▸ **EXERCISE OBJECTIVE**: Nothing but the lines from the one holding "Ирина медведева пляж фото фото 289-134" through the last line of the material below should be set down, exactly and without images.

━━━ DATASET EXTRACT ━━━

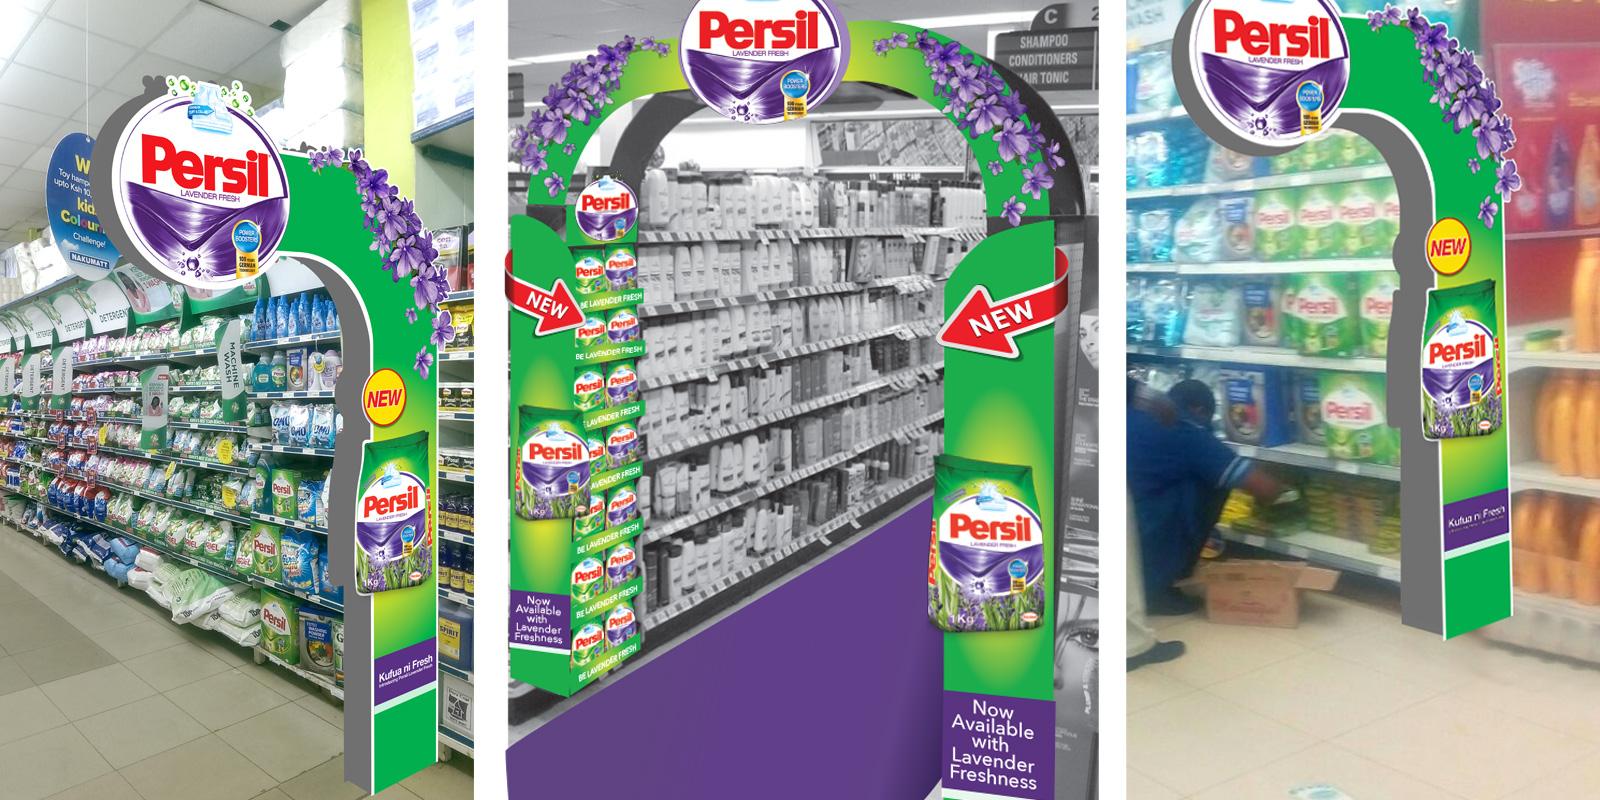 4-persil-lavender-instore-branding
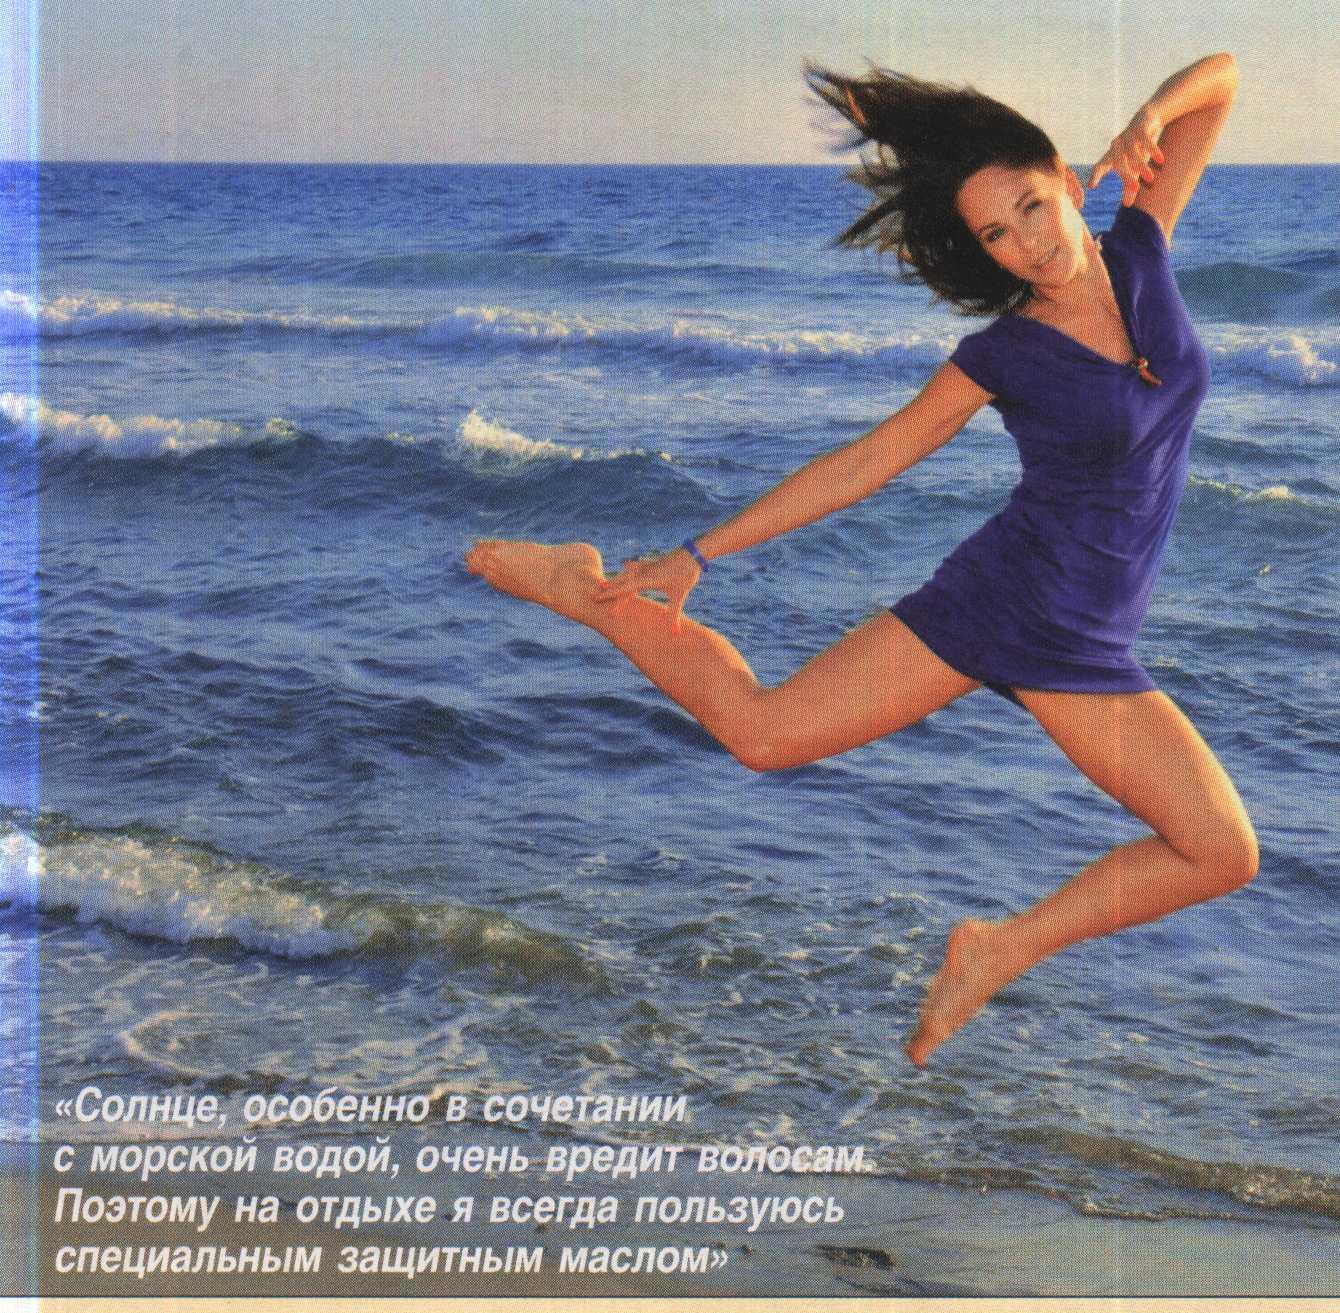 Ирина медведева пляж фото фото 289-134
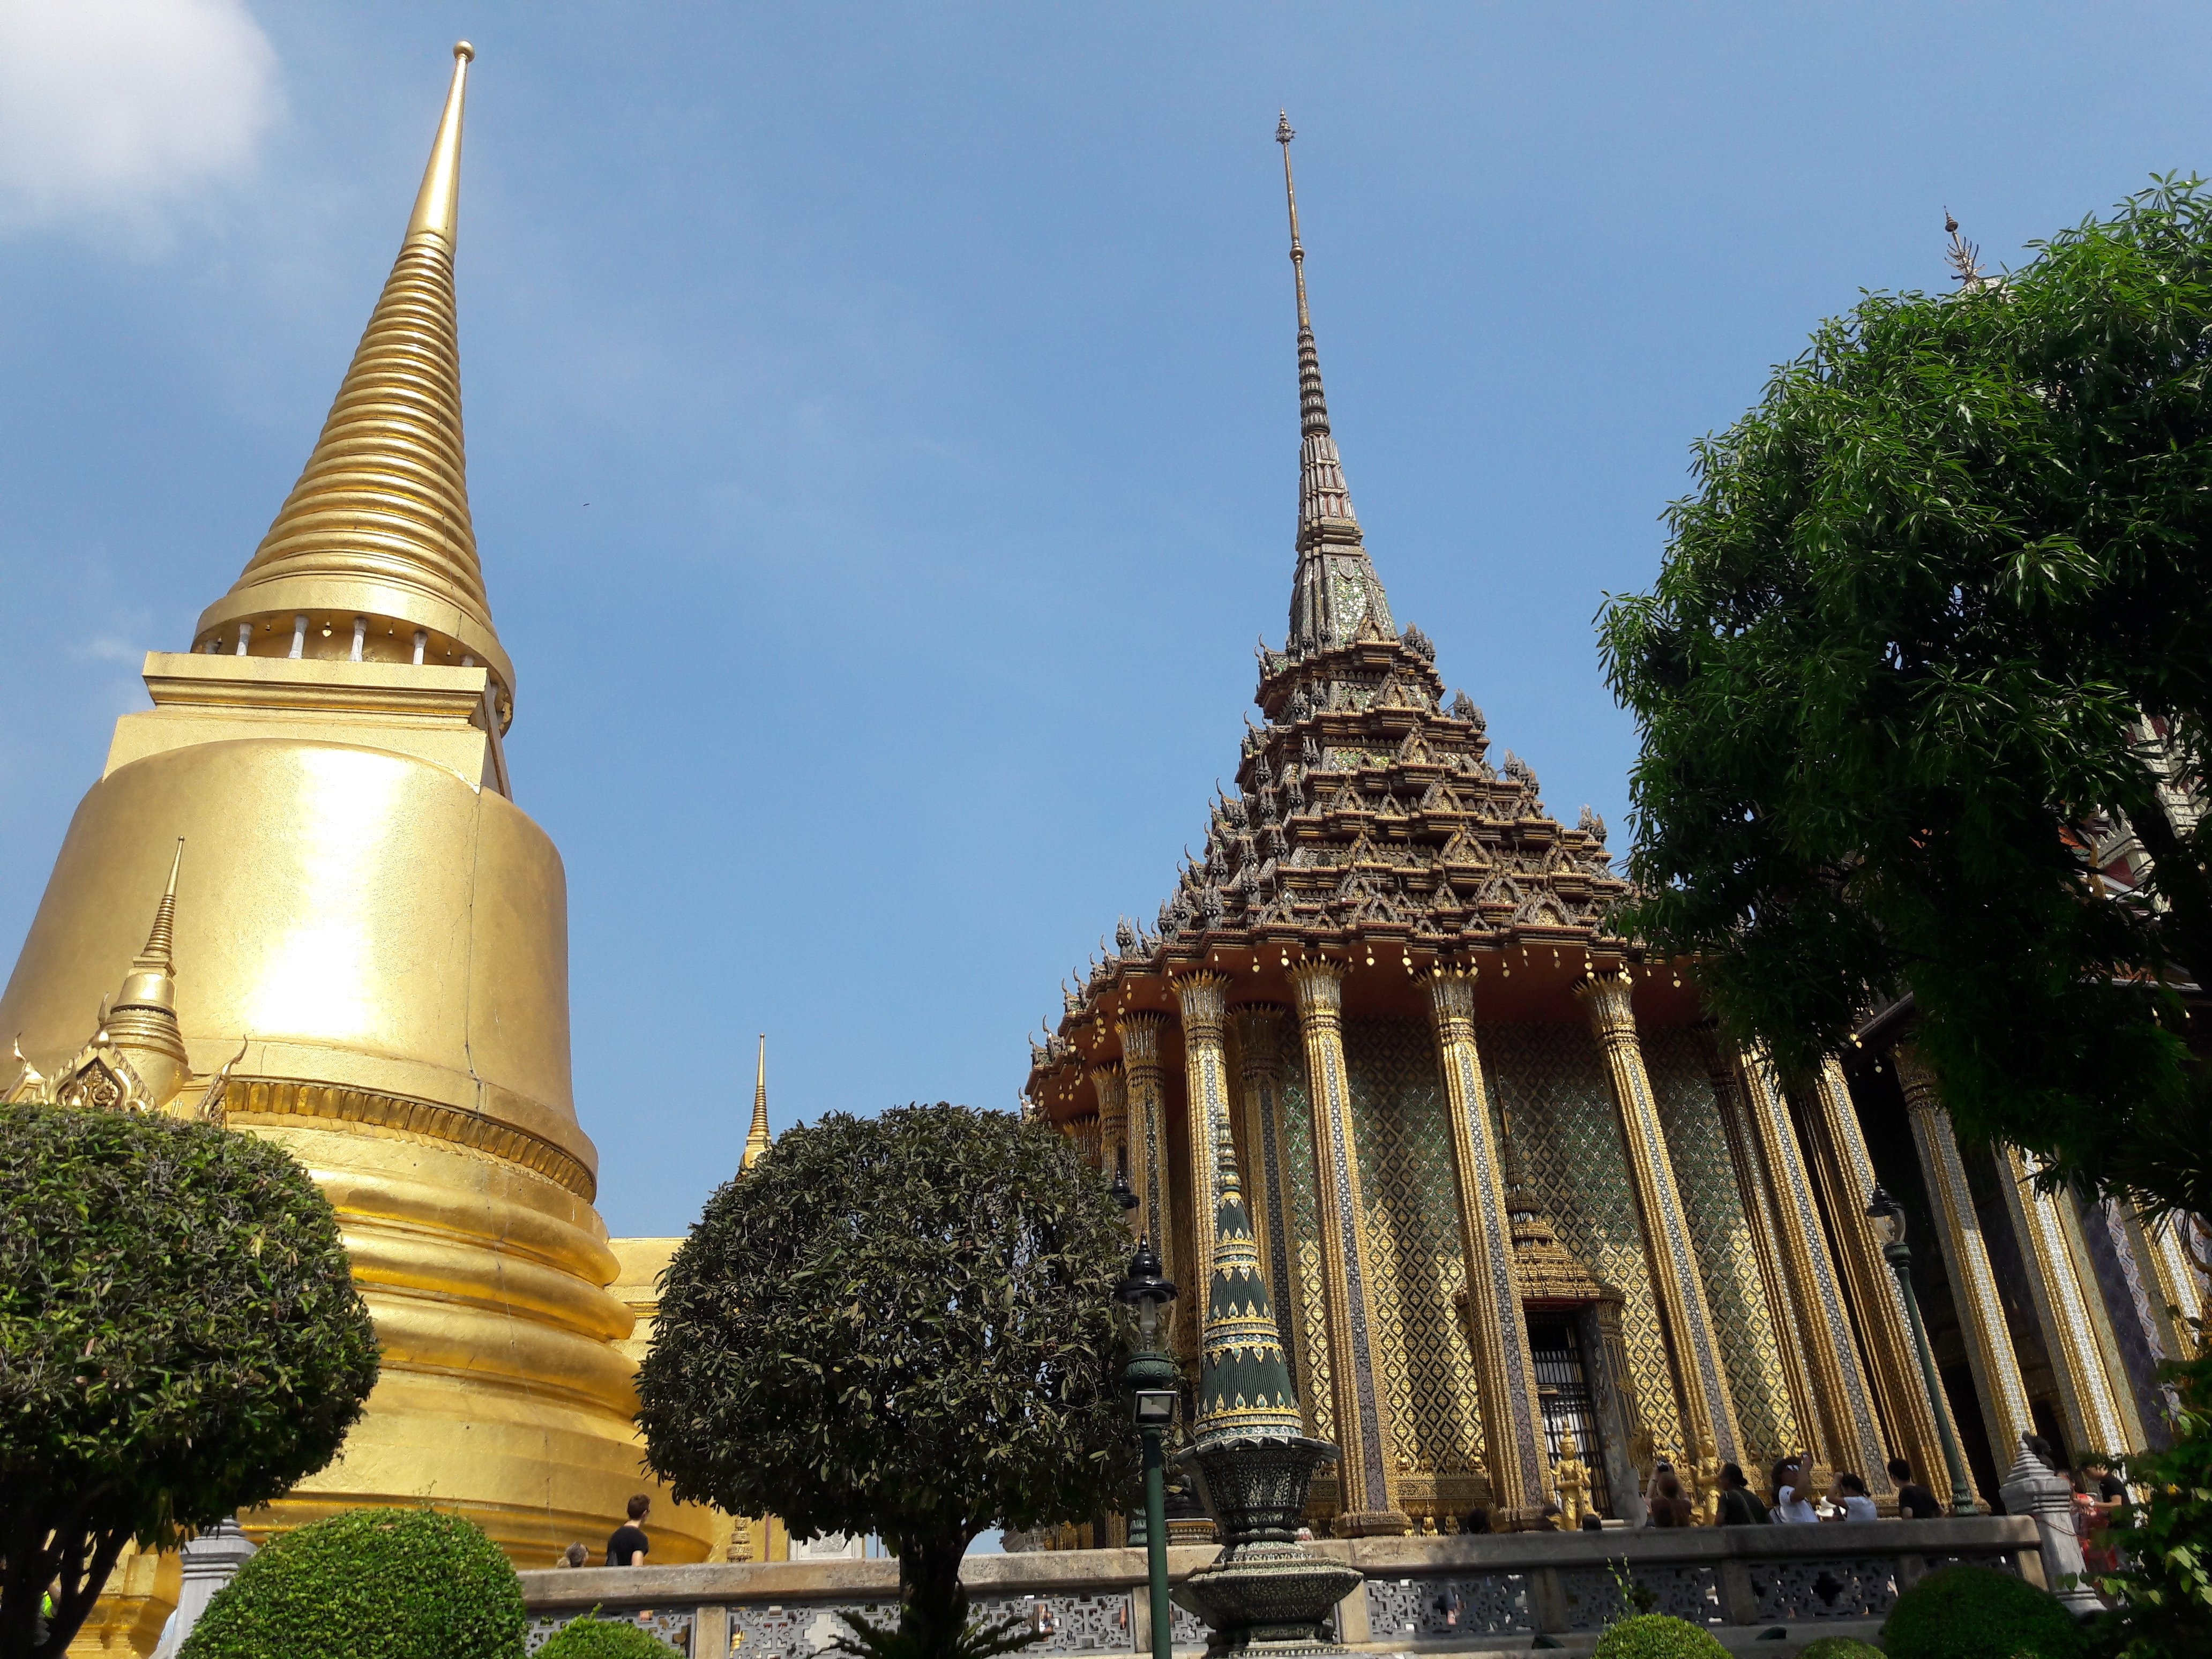 Een must do in Bangkok is een bezoek aan het Koninklijk Paleis met zijn vele kleurrijke tempels

━━━

▸ **PROBLEM SOLUTION**:
 Ирина медведева пляж фото фото 289-134
 Een must do in Bangkok is een bezoek aan het Koninklijk Paleis met zijn vele kleurrijke tempels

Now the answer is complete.